23. A method according to claim 22, wherein the afferent nerve comprises the internal branch of the superior laryngeal nerve.

24. A method according to claim 19, wherein the afferent nerve comprises one or more of the superior laryngeal nerve, the glossopharyngeal nerve, and the trigeminal nerve.

25. A method according to claim 19, wherein the anchoring step comprises the step of anchoring the electrode in muscle tissue.

26. A method according to claim 25, wherein the electrode comprises:

an electrical conductor wound around a hollow core with gaps between adjacent windings;

a flexible, insulating sheath surrounding and encasing the electrical conductor;

a portion of the electrical conductor being wrapped around a periphery of a terminal end of the sheath to form an electrical contact;

a shaft of thermoplastic material in the hollow core and conforming with gaps between windings of the electrical conductor; and,

an anchor adapted for anchoring the electrode to tissue within which it is implanted, the anchor being connected with the thermoplastic shaft.

27. A method according to claim 19, wherein the anchoring step comprises the step of anchoring the electrode in adipose tissue.

28. A method according to claim 27, wherein the electrode comprises:

an elongated lead, including one or more electrical conductors;

one or more electrically conductive surfaces, each conductive surface being electrically coupled to at least one of the electrical conductors and adapted to apply electrical stimulation to the afferent nerve; and

at least two expandable anchoring structures deployable from the lead to engage the adipose tissue and resist dislodgement and/or migration of the electrically conductive surfaces.

29. A method according to claim 19, wherein the electrode is a bipolar electrode.

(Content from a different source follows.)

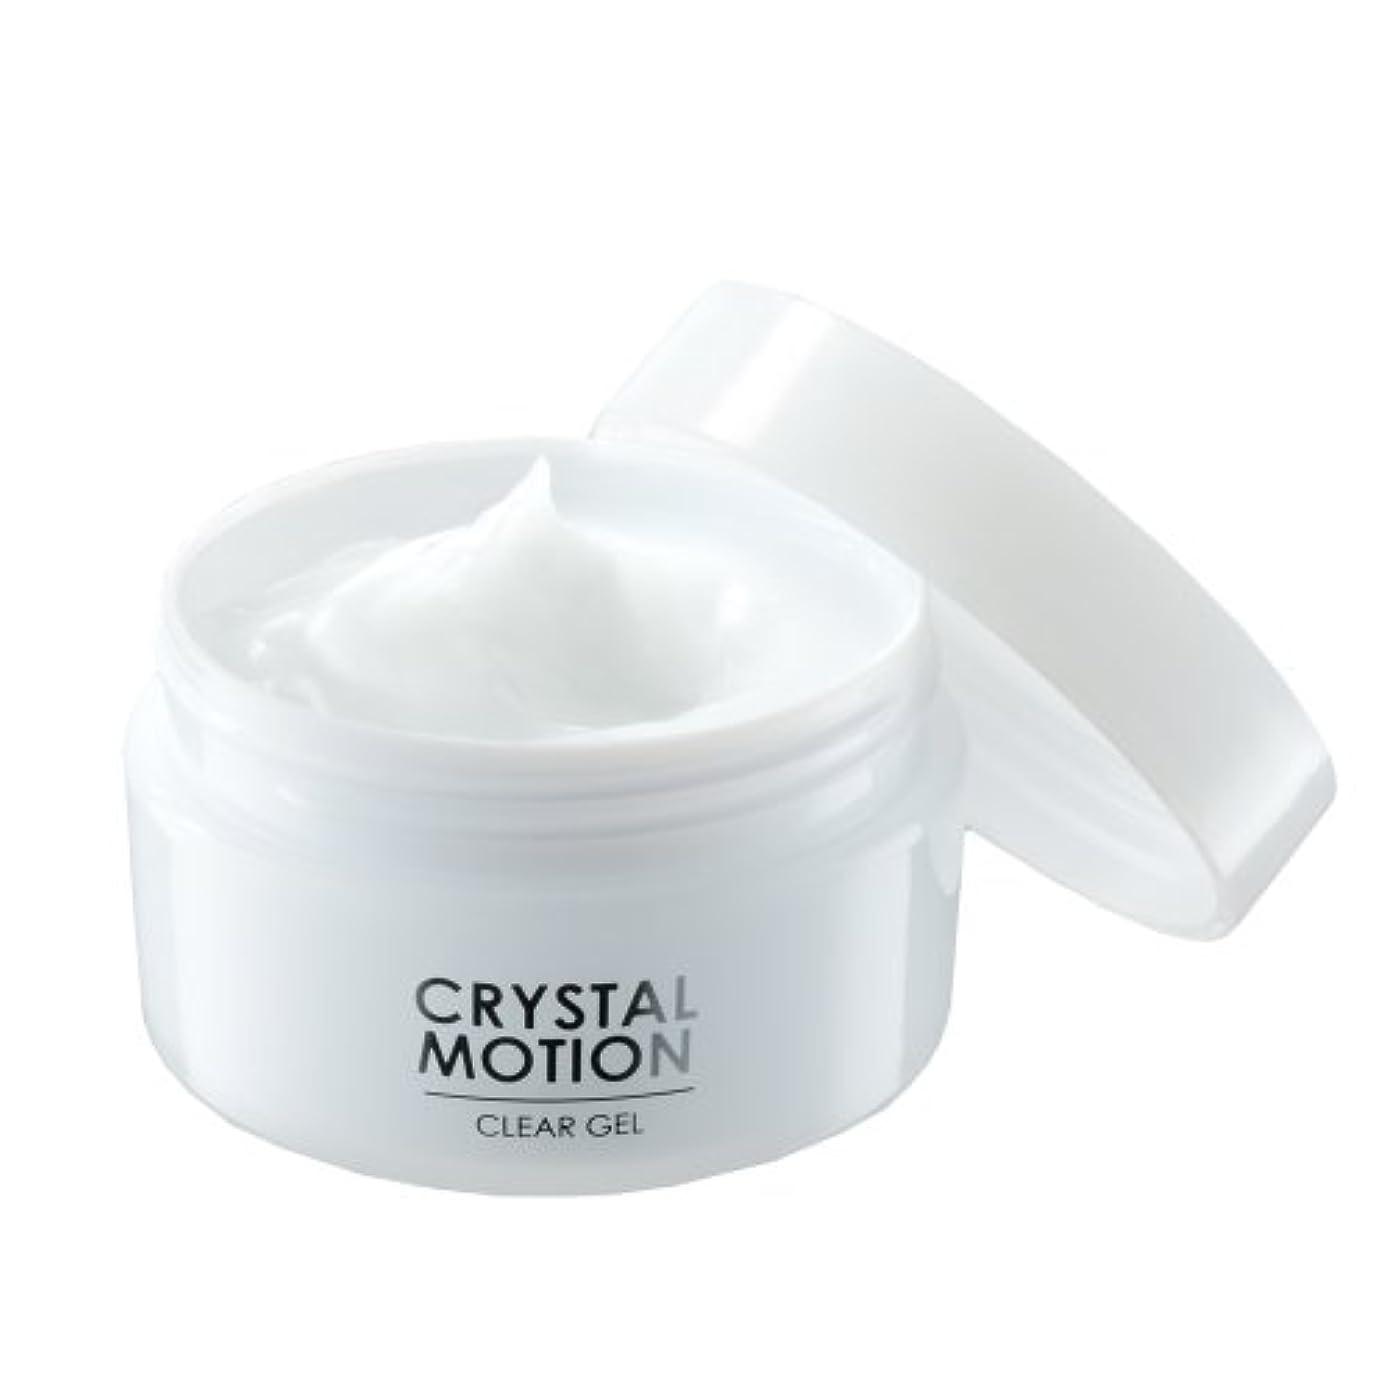 ドライ弁護休暇クリスタルモーション CRYSTAL MOTION 薬用ニキビケアジェル 保湿 乾燥 美白 美肌 ニキビ 予防 1ヶ月分 60g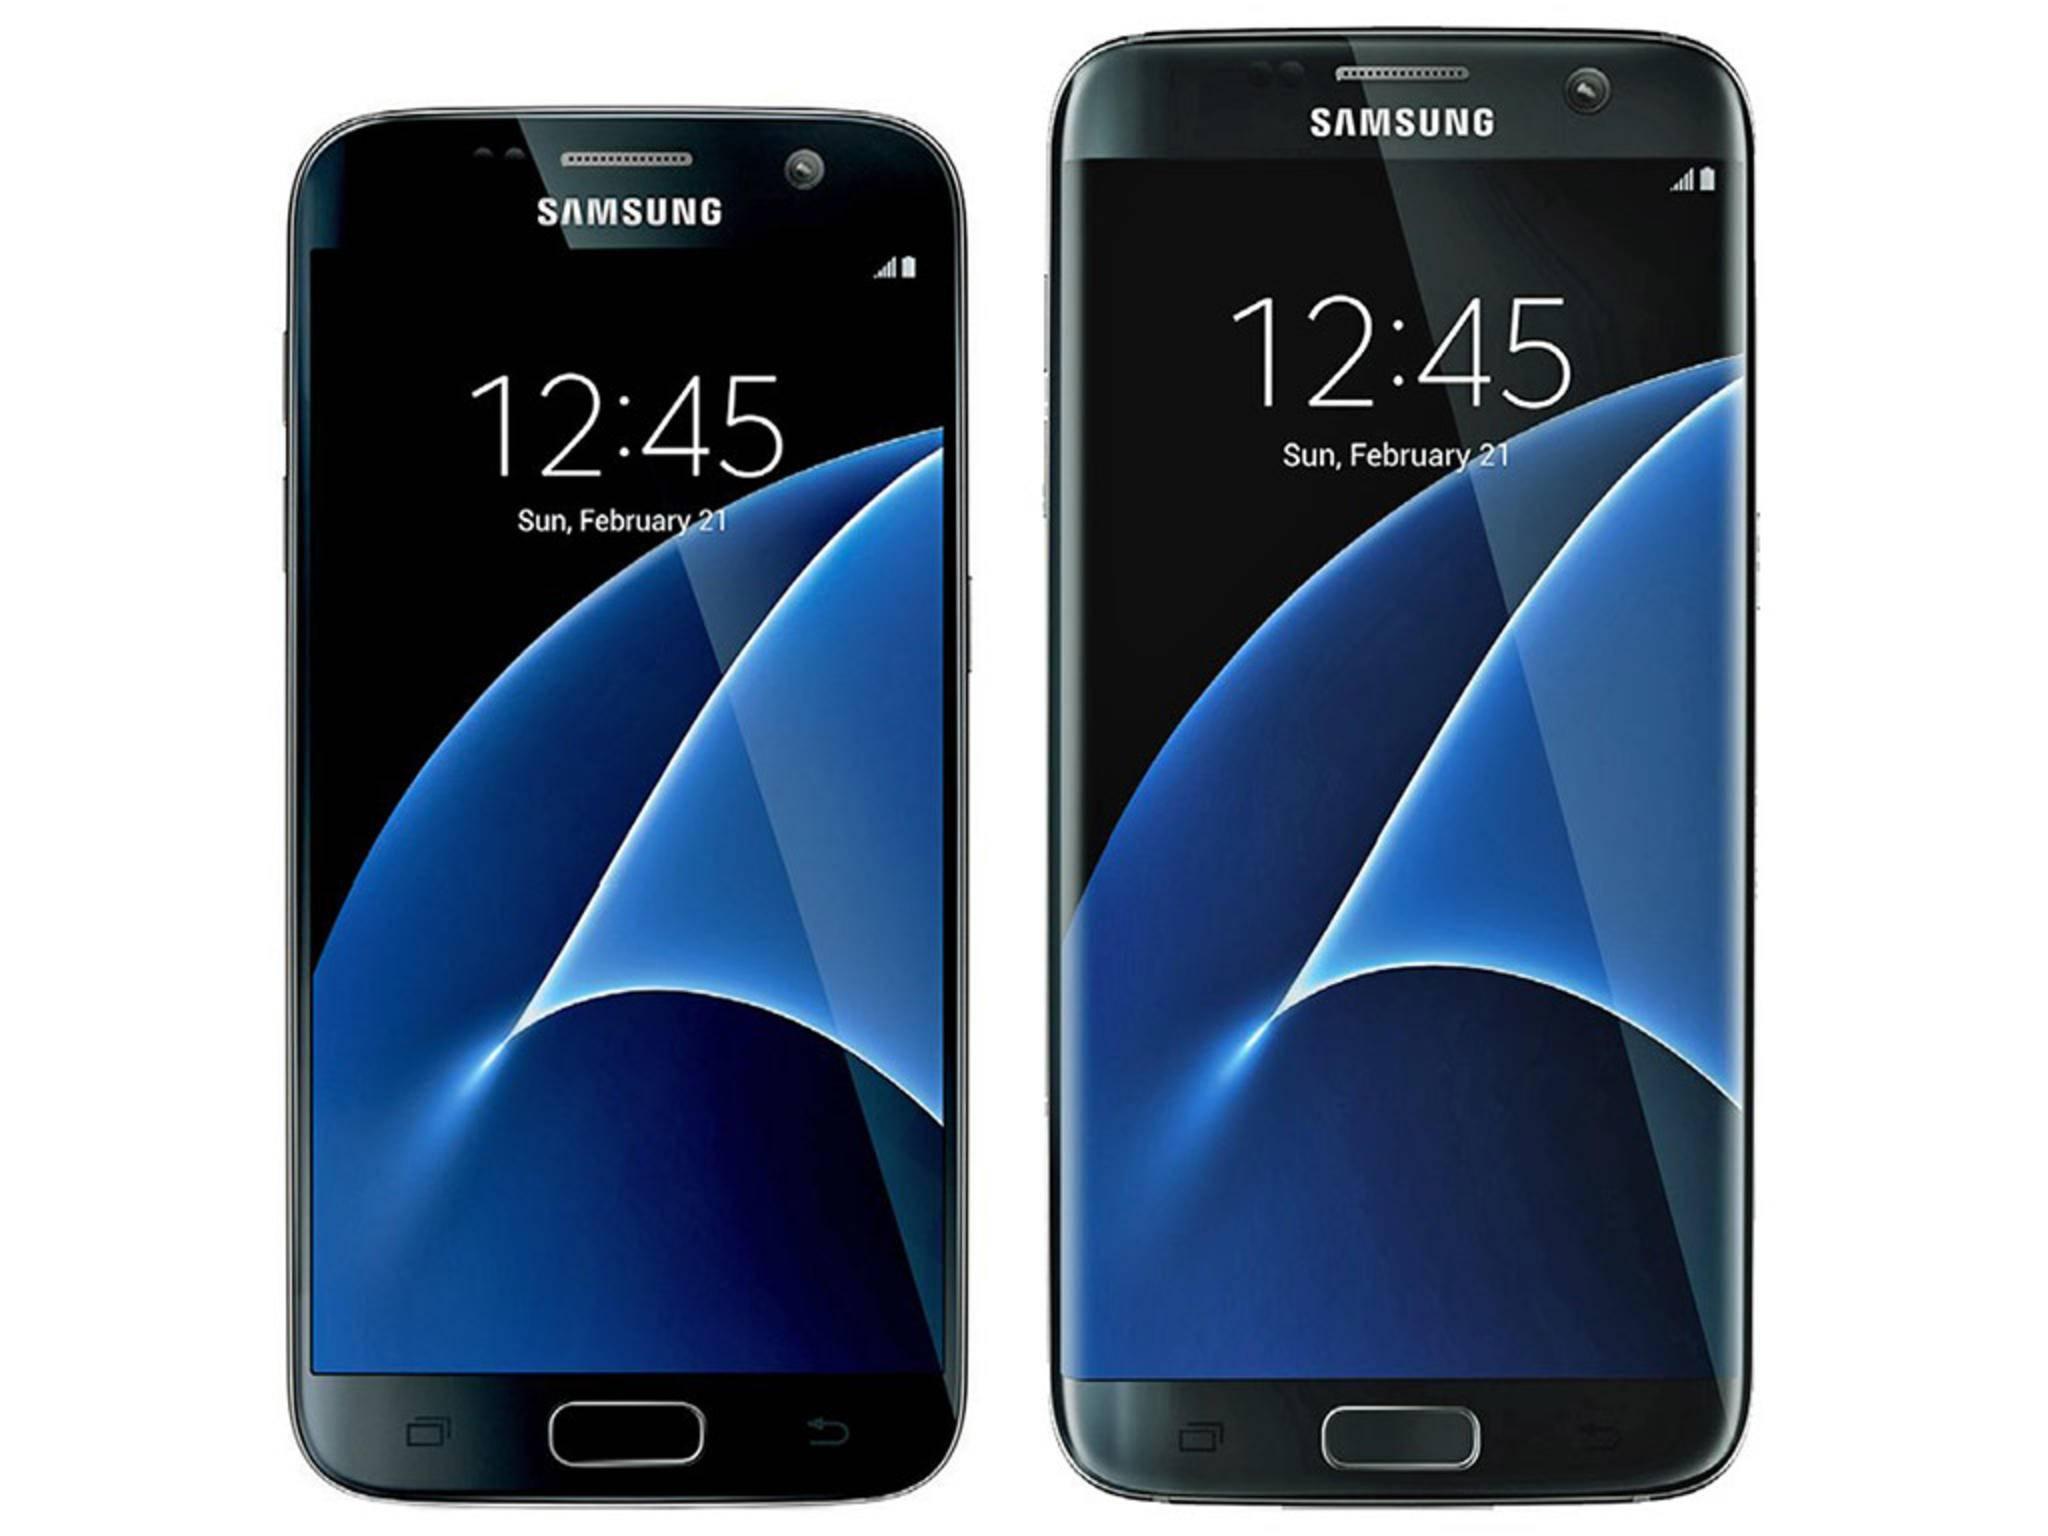 Links das Galaxy S7 mit 5,1 Zoll und rechts das Galaxy S7 edge mit 5,5 Zoll-Bildschirm.

30. A method according to claim 19 wherein the at least one upper airway dilator muscle is selected from the group consisting of the genioglossus muscle and the tensor veli palatini muscle.

31. A method according to claim 30 wherein the at least one upper airway dilator muscle comprises both the genioglossus muscle and the tensor veli palatini muscle.

32. A method according to claim 19 wherein the electrical stimulation further has a duty cycle and a stimulus regime, the method further comprising the step of:

placing a clinician controller in electronic communication with the pulse generator to remotely adjust at least one of the pulse duration, the duty cycle, the stimulus regime, the amplitude and the frequency.

33. A method according to claim 32 further comprising the step of placing a patient controller in electronic communication with the pulse generator to remotely adjust at least one of the pulse duration, the duty cycle, the stimulus regime, the amplitude and the frequency.

34. A method according to claim 33, wherein the patient controller is adapted to adjust at least one of the pulse duration, the duty cycle, the stimulus regime, the amplitude and the frequency within a predetermined set of parameters.

35. A method according to claim 19 wherein the electrical stimulation further has a duty cycle and a stimulus regime, the method further comprising the step of:

placing a patient controller in electronic communication with the pulse generator to remotely adjust at least one of the pulse duration, the duty cycle, the stimulus regime, the amplitude and the frequency.

36. A method according to claim 35, wherein the patient controller is adapted to adjust at least one of the pulse duration, the amplitude and the frequency within a predetermined set of parameters.